**TASK OBJECTIVE**
In the material below, find the line containing "2006 Chevrolet Silverado" and output it and all lines after it exactly, through the last one, without the pictures.

**RECORDED INFORMATION**
=======

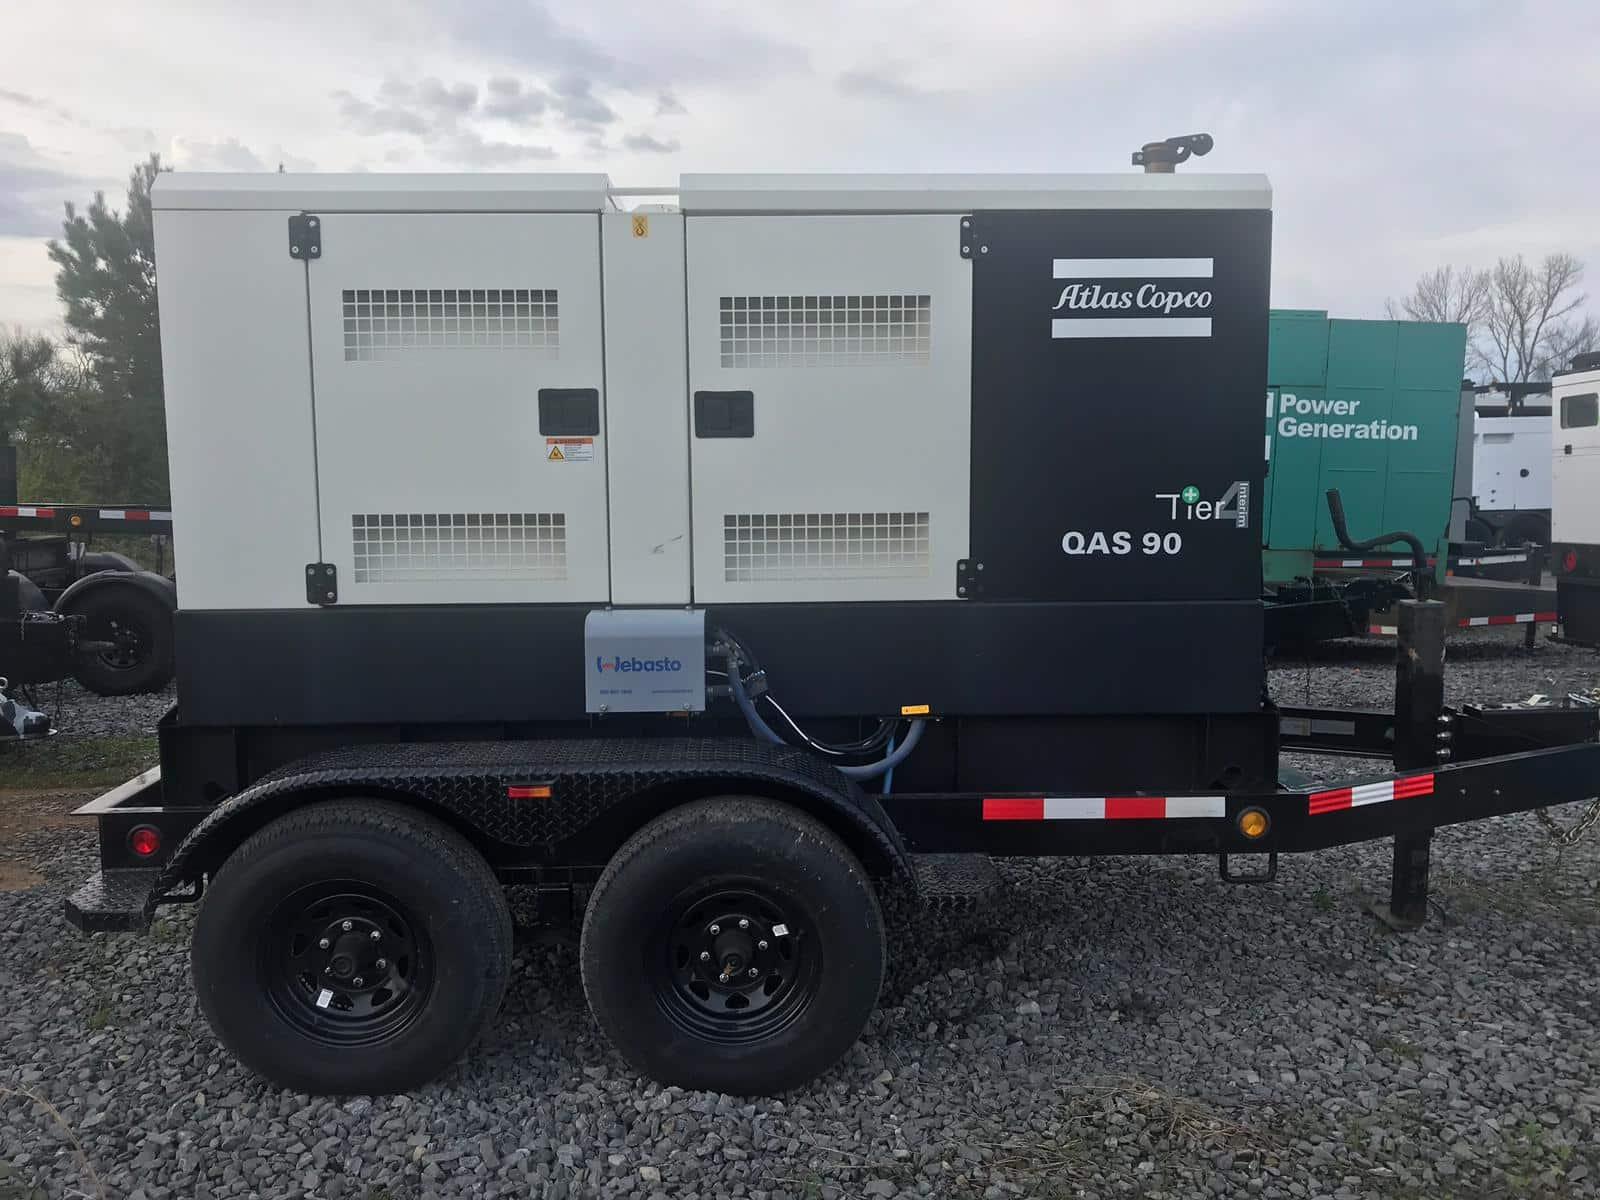 72 kW Atlas Copco Diesel Generator Rental – EPA Tier 4i Certified
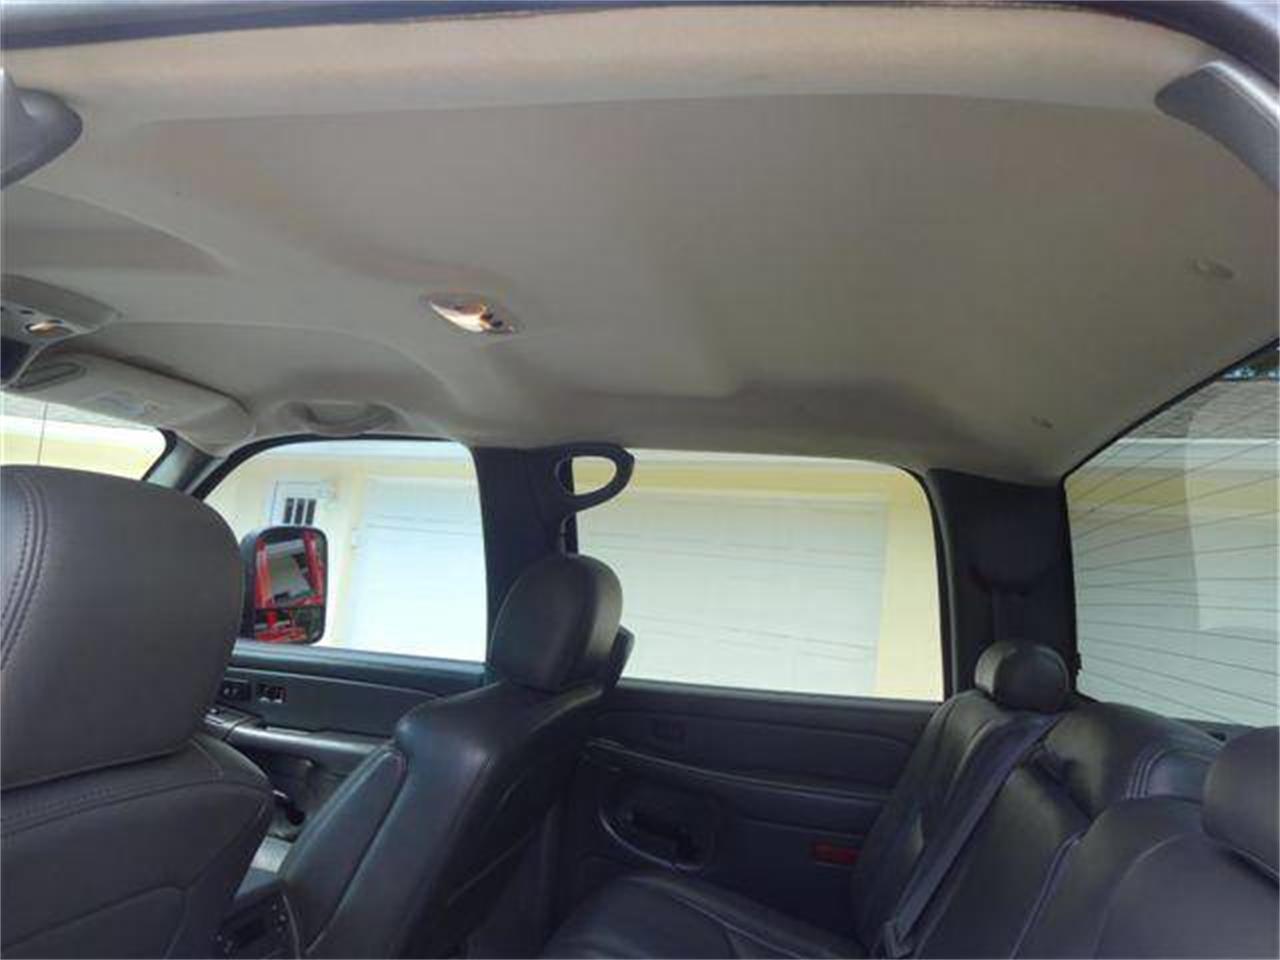 2006 Chevrolet Silverado (CC-1267430) for sale in Sarasota, Florida
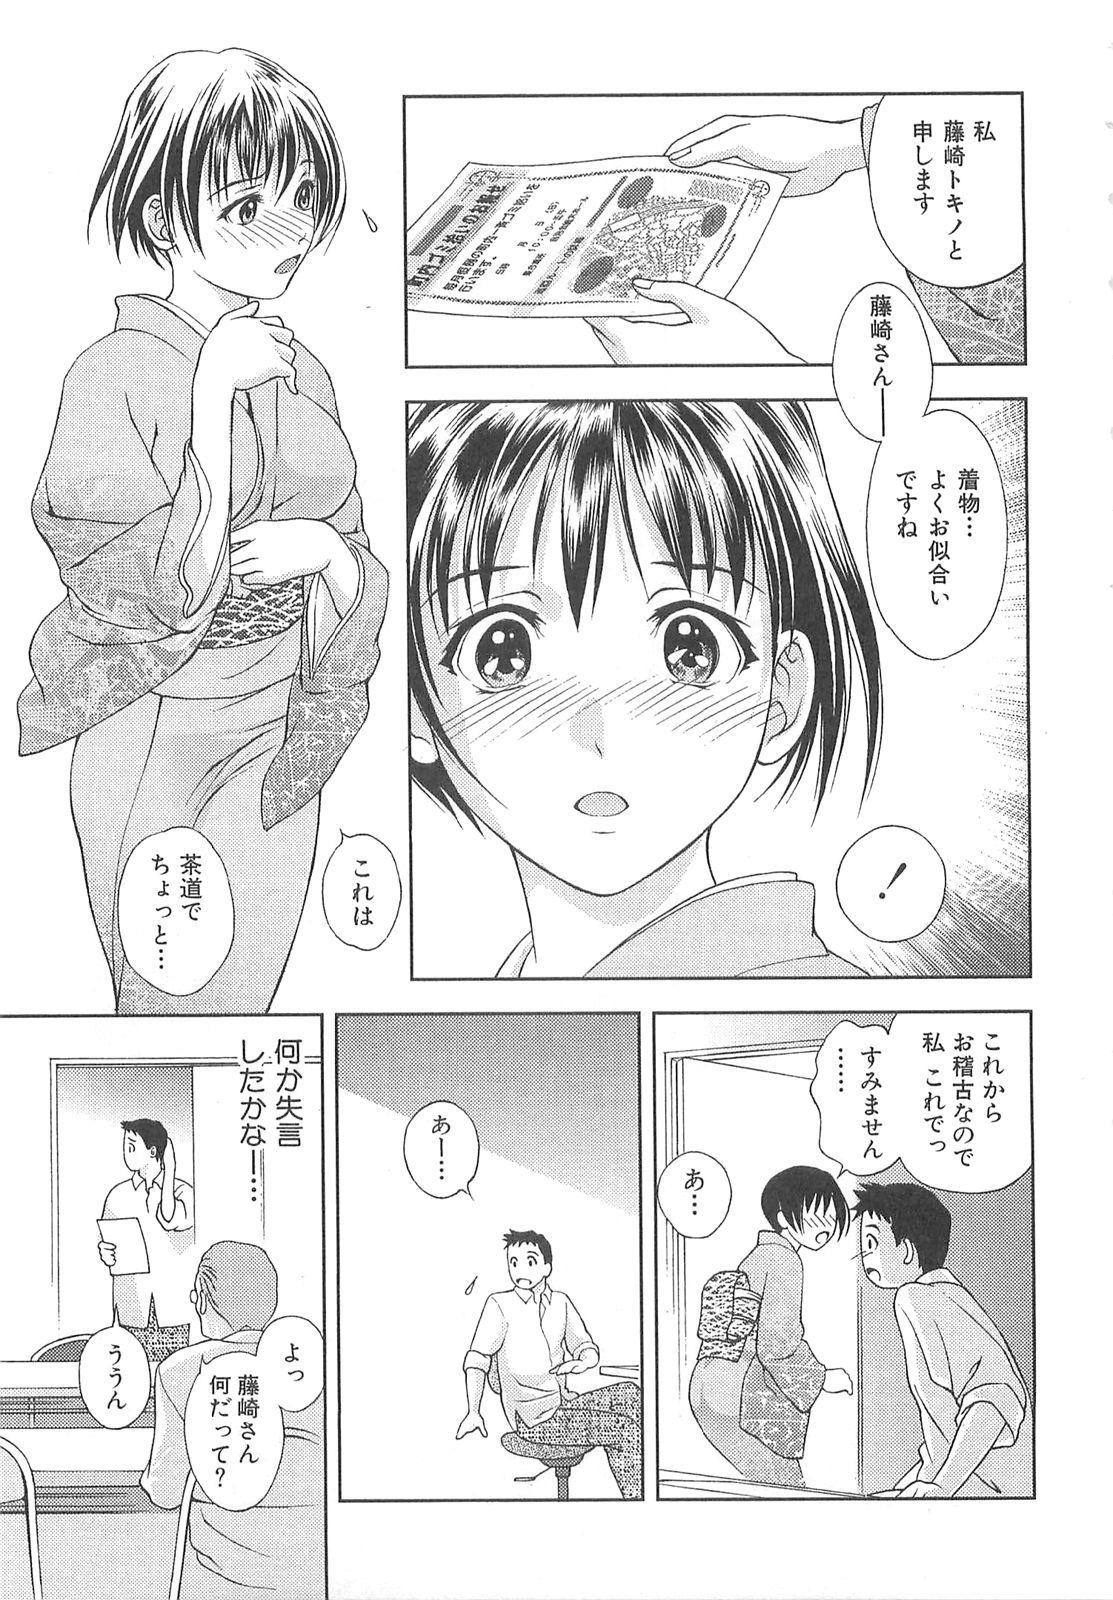 Tenshi no Kyuu - Angel's Pretty Hip 109

=======

**EXERCISE OUTPUT**
 2006 Chevrolet Silverado (CC-1267430) for sale in Sarasota, Florida
 Tenshi no Kyuu - Angel's Pretty Hip 109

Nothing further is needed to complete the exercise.